Solution Processed Scintillator Incorporated into X-Ray Detector Backplane

Description

Radiography is currently the most common medical imaging procedure performed in the world, and the demand for radiography is expected to increase in the coming years. Particularly in less developed countries where there is a demand for a much more ruggedized technology, the market may skip conventional x-ray film technology in lieu of digital radiography. Furthermore, radiography has seen expansive growth into non-medical applications, such as security imaging and non-destructive testing for integrity analysis, where there is a need for more portable, flexible, rugged, and lightweight equipment. However, some materials and components, such as the scintillator phosphor film which converts incident x-ray into visible photons, continue to present a challenge to truly flexible x-ray technology.
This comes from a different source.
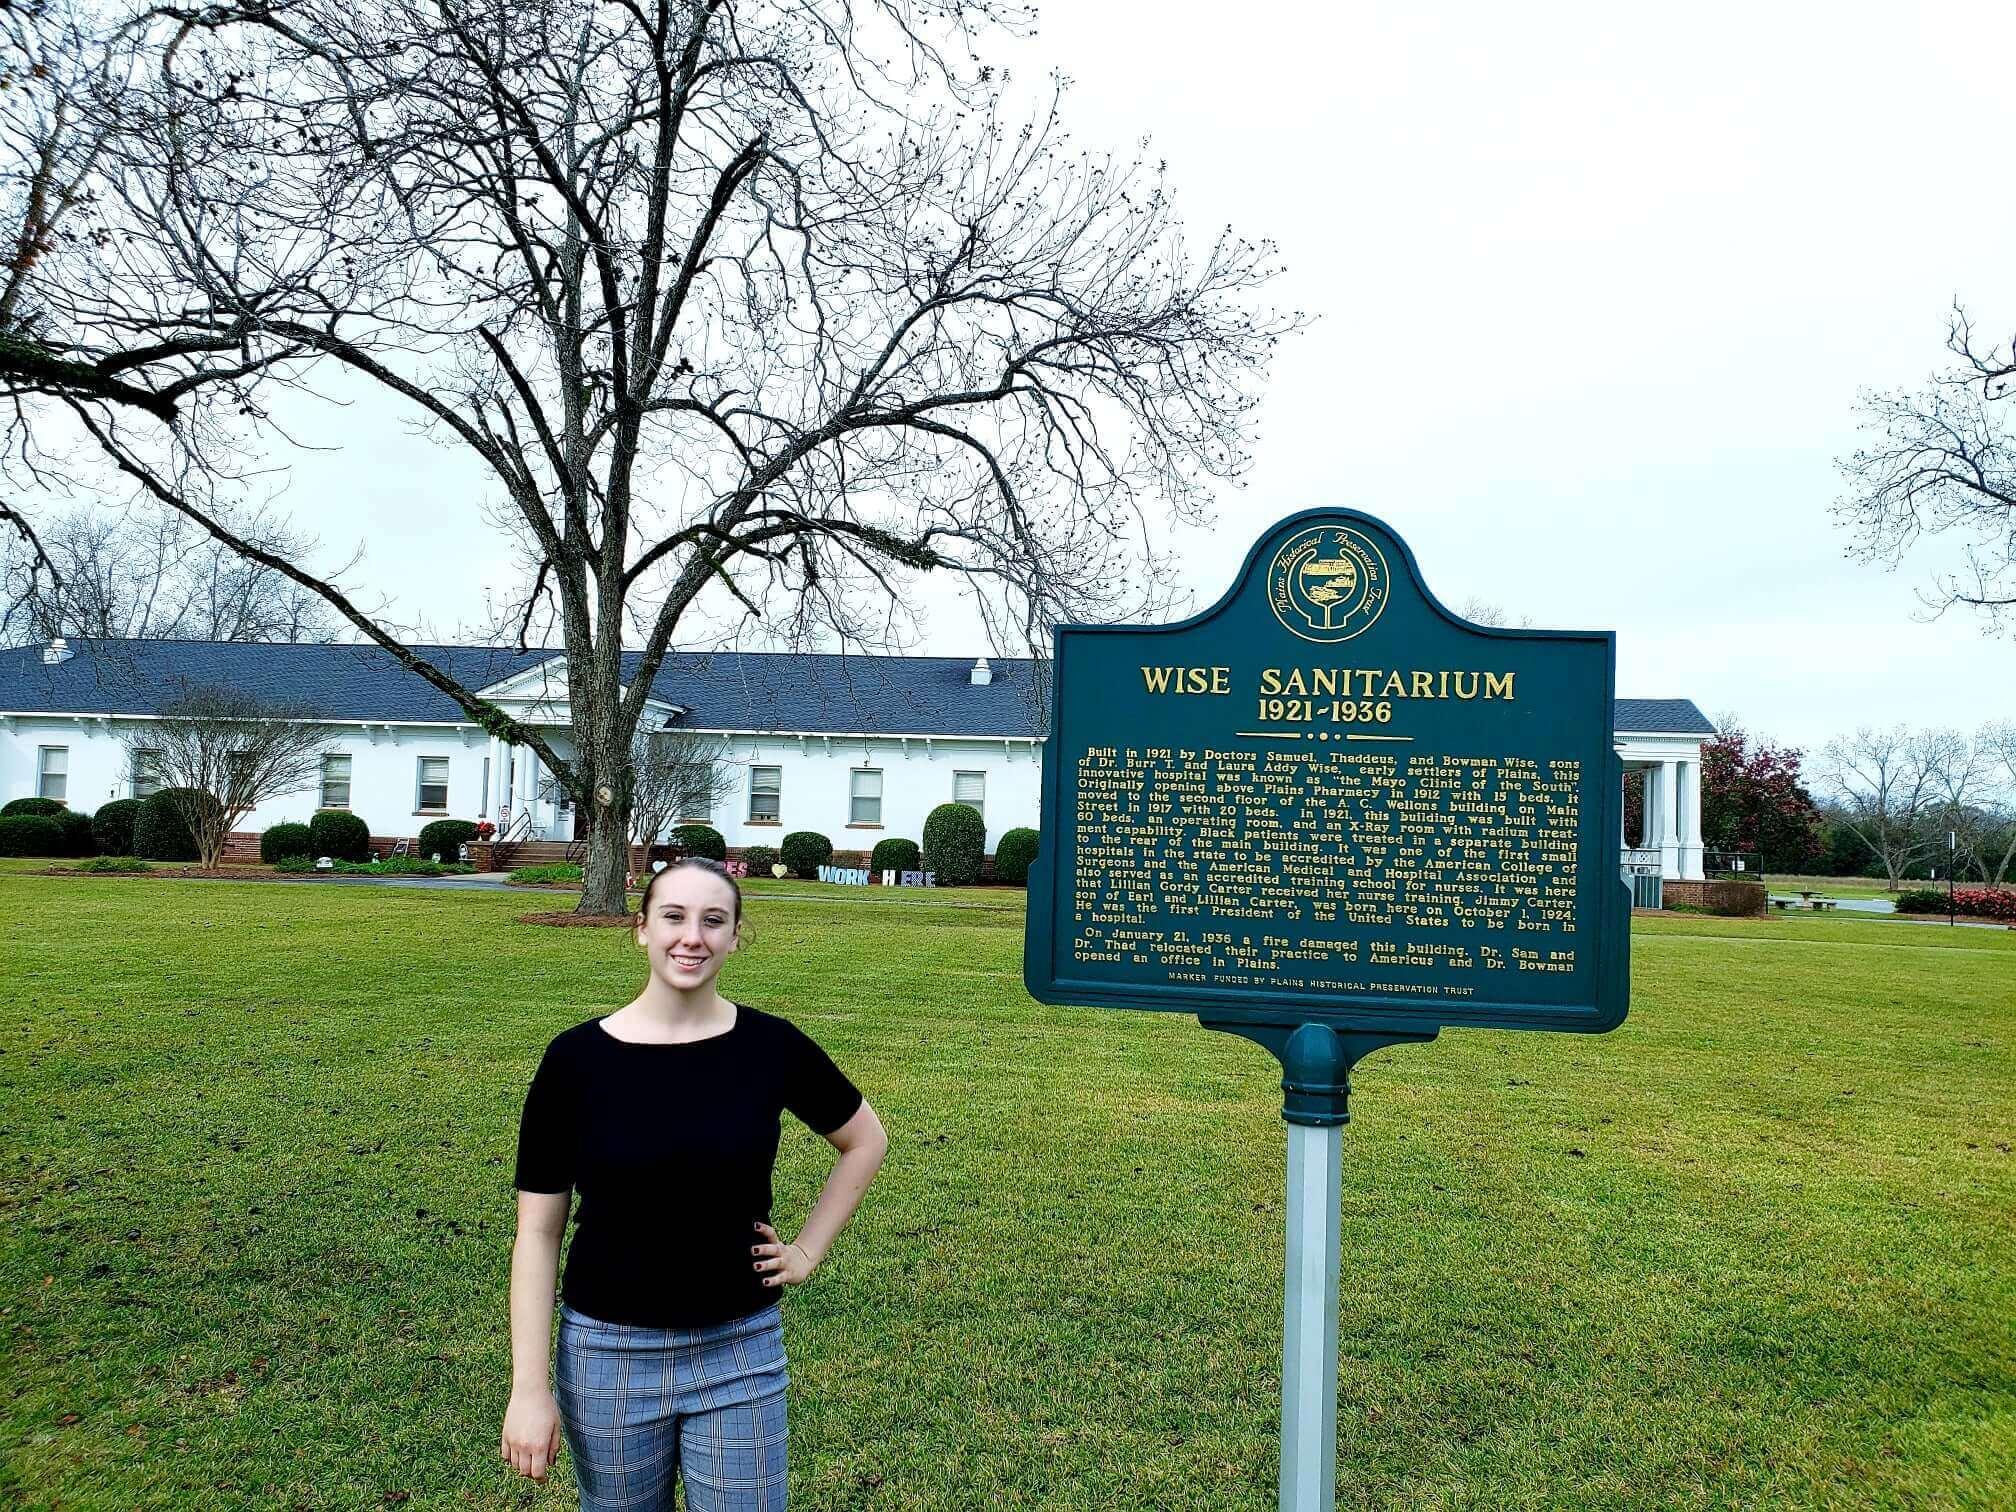 Wise Sanitarium, Plains, Georgia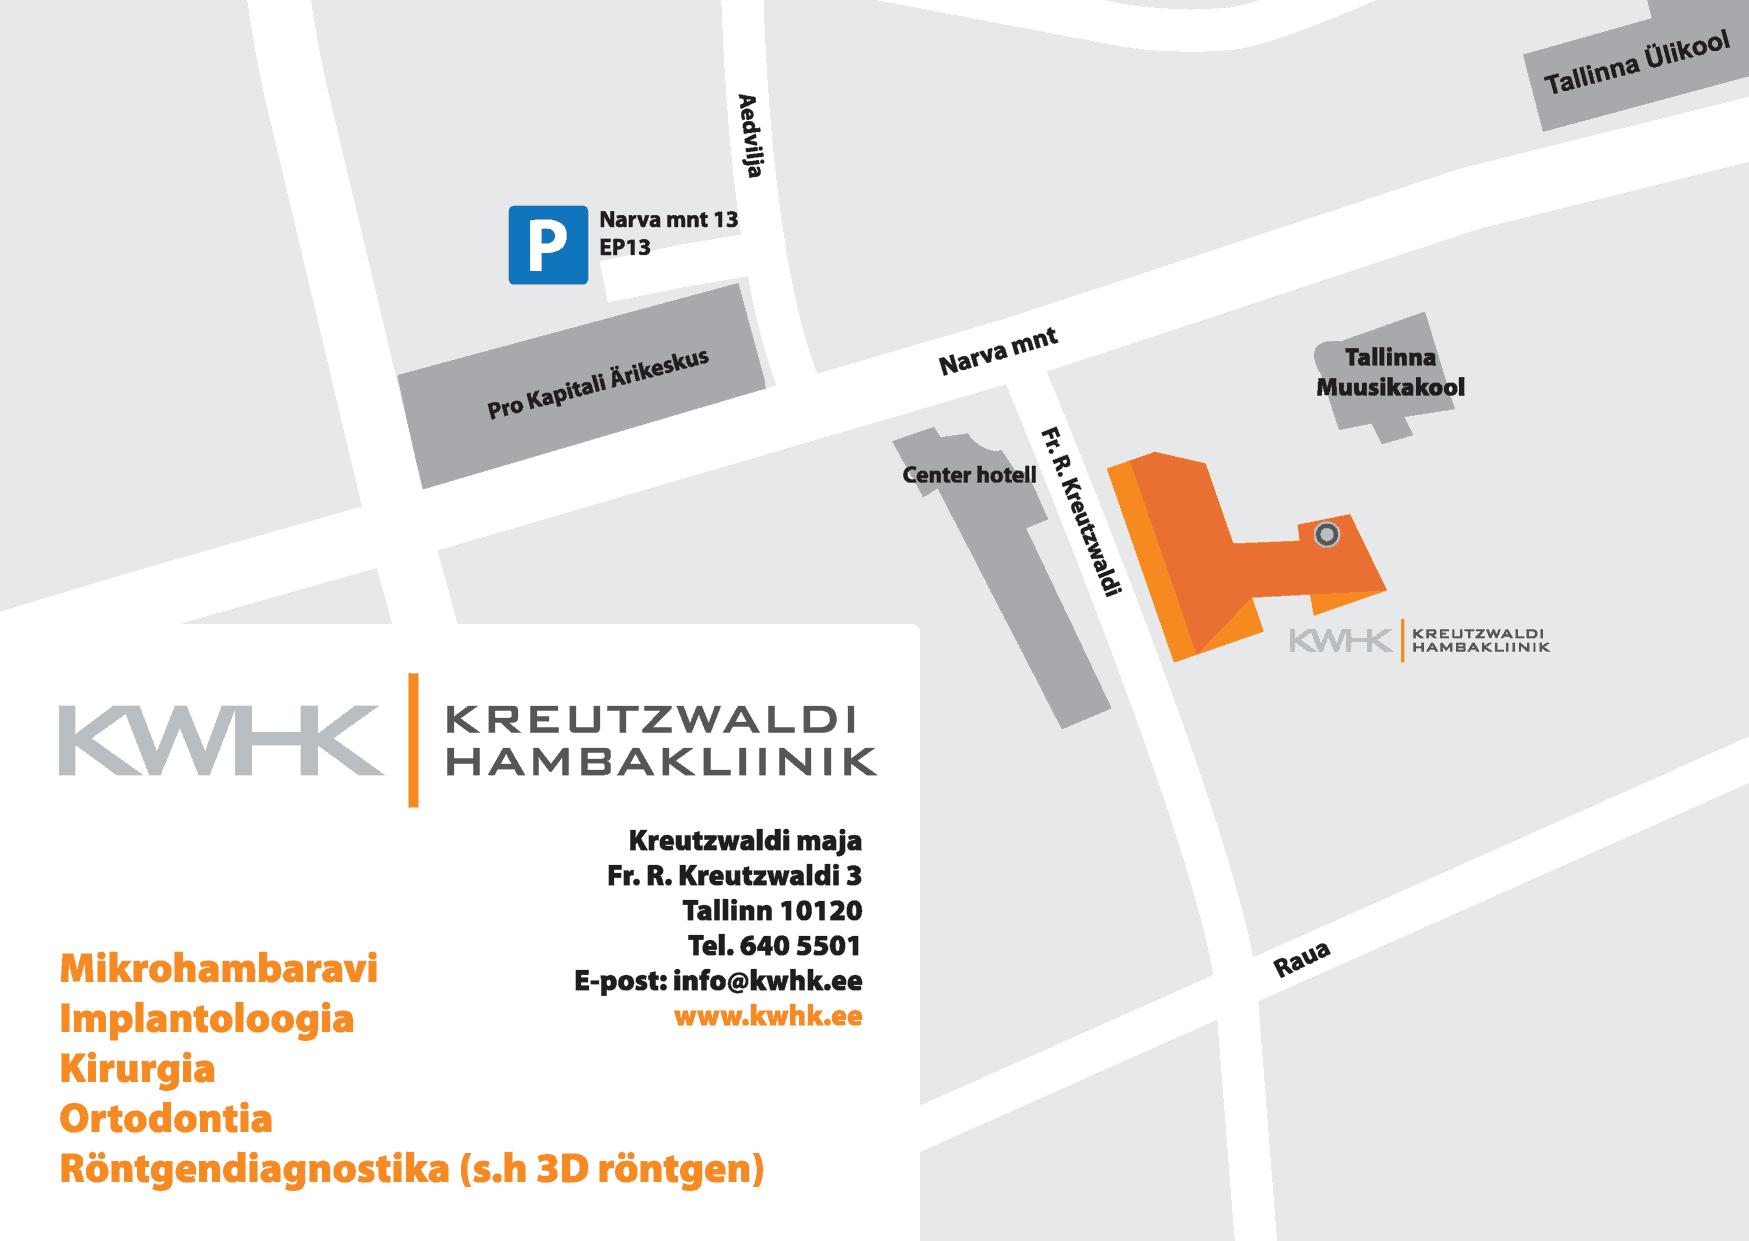 Kreutzwaldi Hambakliiniku asukoha kaart

Therefore, there is a need to improve the flexibility and ruggedness of x-ray technology.

Researchers at Arizona State University have improved the design and functionality of x-ray sensors by incorporating the scintillator material directly into the backplane of the device. This solution provides improved flexibility, higher resolution, and reduced packaging requirements. Minimal separation between the scintillator material and the detector layer improves the modulation transfer function of the detector, thereby providing better accuracy in reproducing detail in an image. Additionally, this solution eliminates the bending and flexing limitations of the scintillator as the suspension may be applied directly to a flexible photodetector backplane or substrate using various coating methods. Elimination of traditional scintillator adhesives and thick inflexible backings allows the entire x-ray imaging or detecting device to remain as thin, light weight, and flexible as possible.

Potential Applications

  • X-rays
  • Radiography
  • Medical imaging
  • Flexible imaging

Benefits and Advantages

  • Improved Performance –
    • By incorporating the scintillator on both sides of the photodiode, the efficiency of incident x-ray capture is increased, which results higher resolution detectors.
    • Minimal separation between the scintillator material and the detector layer improves the modulation transfer function of the detector, thereby providing better accuracy in reproducing detail in an image.
  • Flexible - Incorporating the scintillator directly into the backplane eliminates the needs for scintillator films and allows for more flexibility.
  • Enhanced Design – Elimination of traditional scintillator adhesives and thick inflexible backings allows the entire x-ray imaging or detecting device to remain as thin, light weight, and flexible as possible.
  • Less Expensive - This method eliminates the costs associated with the ruggedization of conventional display glass x-ray technology.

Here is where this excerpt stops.